MockSafe is designed to help you keep your mocks in sync with your production code by ensuring type safety for both static type checkers, as well as some built-in runtime checks.

Make sure you add type hints to the code that you’re mocking to get the full benefit.

Even without hints it still checks that the correct positional and keyword arguments are passed during your tests.

Below is an example of the runtime type checking.

Usually (most of) these issues would be caught by static type checkers such as mypy, but the runtime checks act as a safety net for cases where they aren’t.

>>> from mocksafe import mock, when, that

>>> class FishSlapper:
...     def slap_fish(self, fish: str) -> str:
...         return f"{self.name} slaps {fish}"

>>> fish_slapper = mock(FishSlapper)

>>> # Try calling the mocked method with the wrong type
>>> fish_slapper.slap_fish(42)
Traceback (most recent call last):
...
TypeError: Invalid type passed to mocked method slap_fish() for parameter: 'fish: str'. Actual argument passed was: 42 (<class 'int'>).
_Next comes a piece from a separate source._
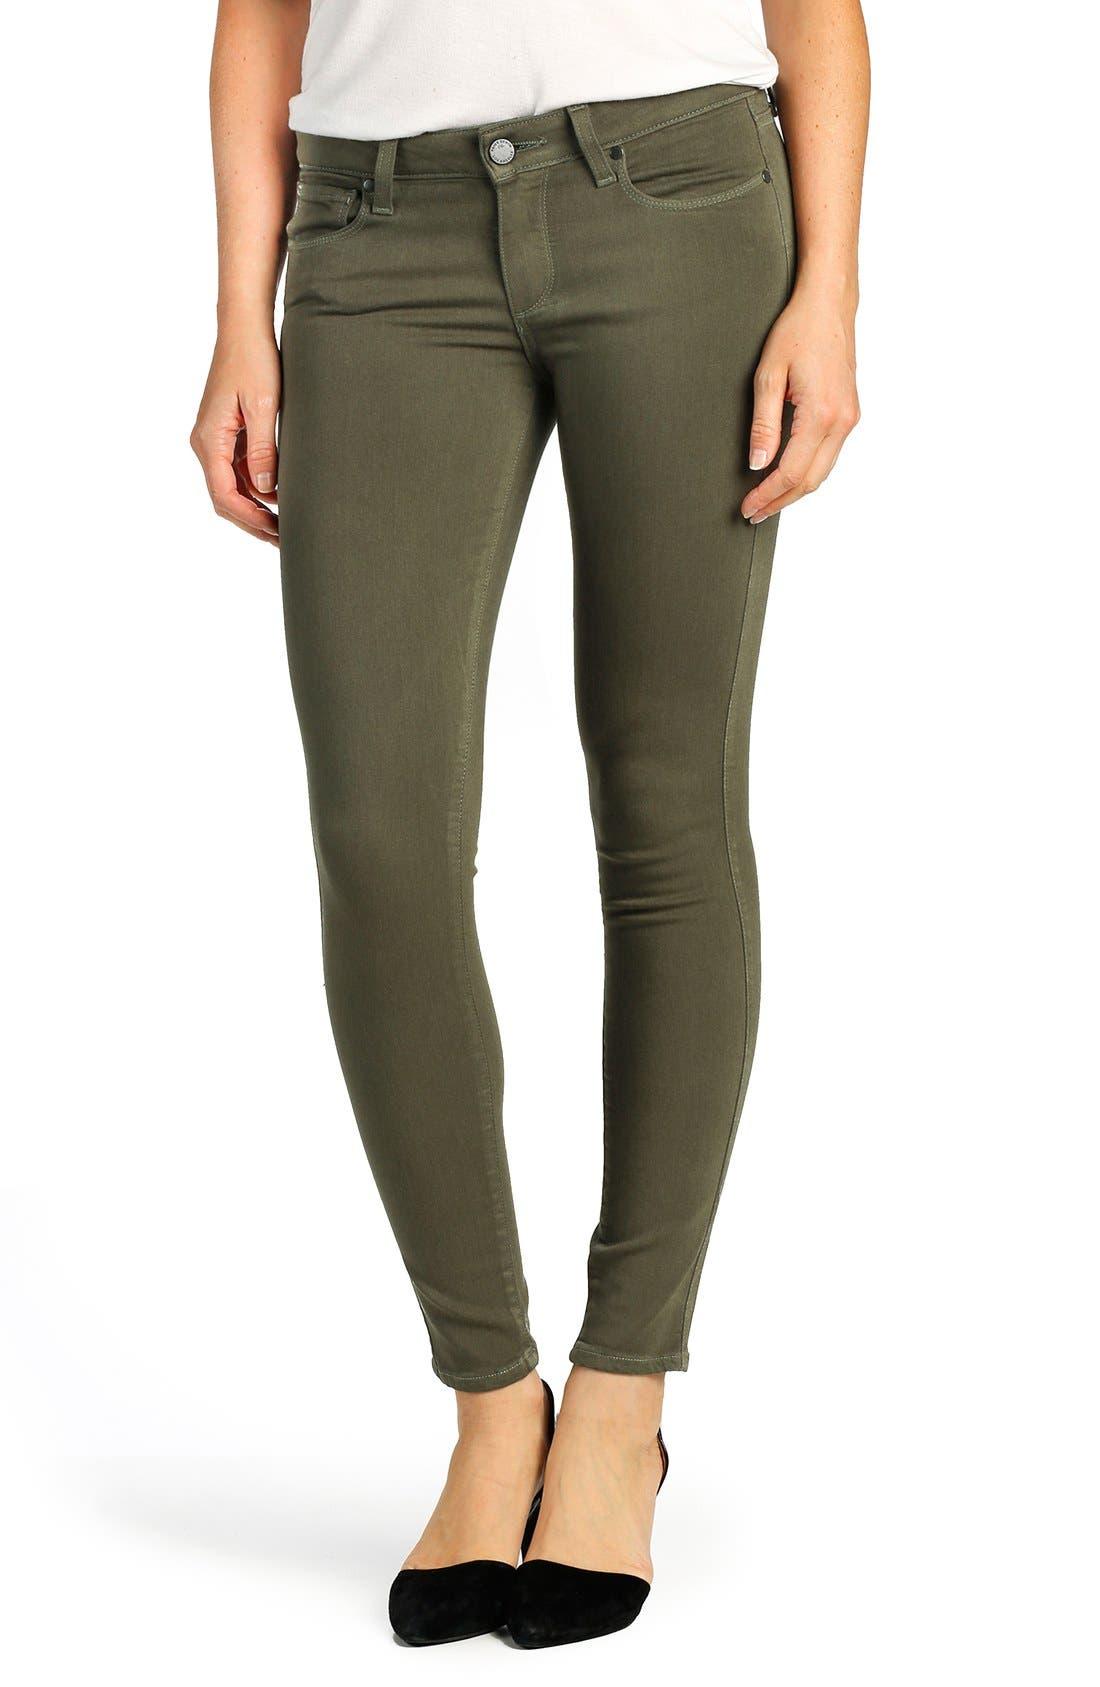 Main Image - PAIGE 'Transcend - Verdugo' Ankle Ultra Skinny Jeans (Desert Olive)
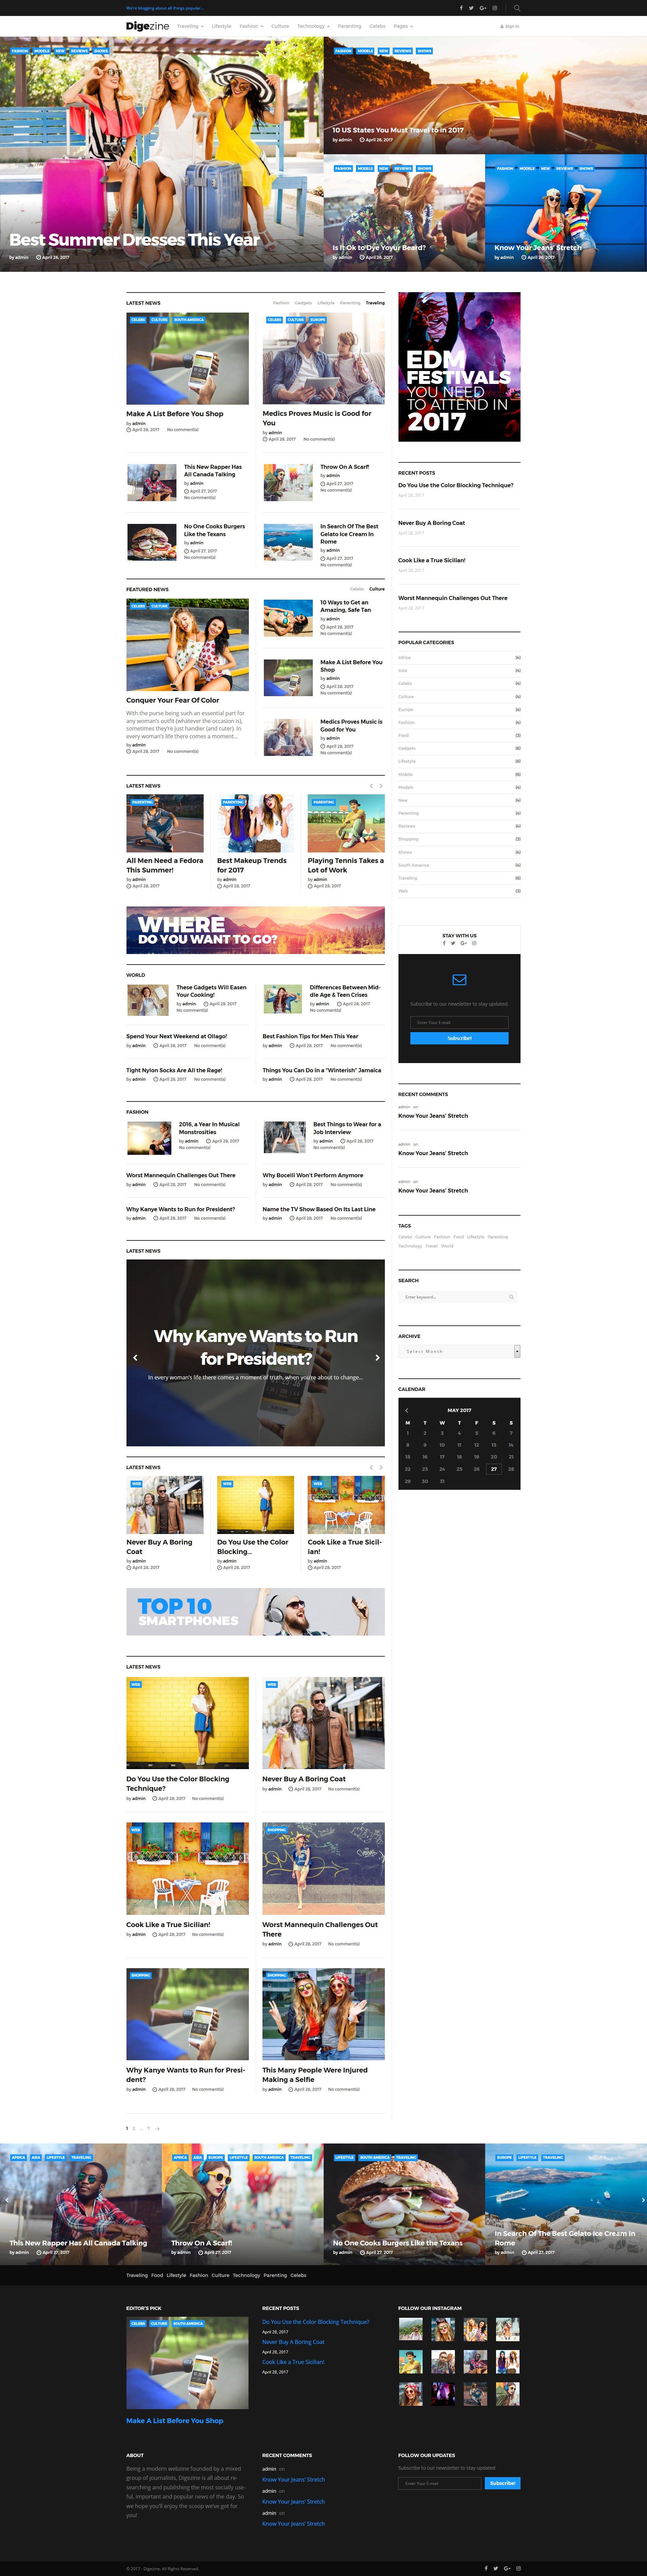 """Digezine - News Magazine"" - адаптивний WordPress шаблон №63850"

>>> # Or stubbing a method that doesn't exist
>>> when(fish_slapper.fish_slap)
Traceback (most recent call last):
...
AttributeError: type object 'FishSlapper' has no attribute 'fish_slap'

>>> # Or stubbing the method with a different arg type
>>> when(fish_slapper.slap_fish).called_with(fish_slapper.slap_fish(42))
Traceback (most recent call last):
...
TypeError: Invalid type passed to mocked method slap_fish() for parameter: 'fish: str'. Actual argument passed was: 42 (<class 'int'>).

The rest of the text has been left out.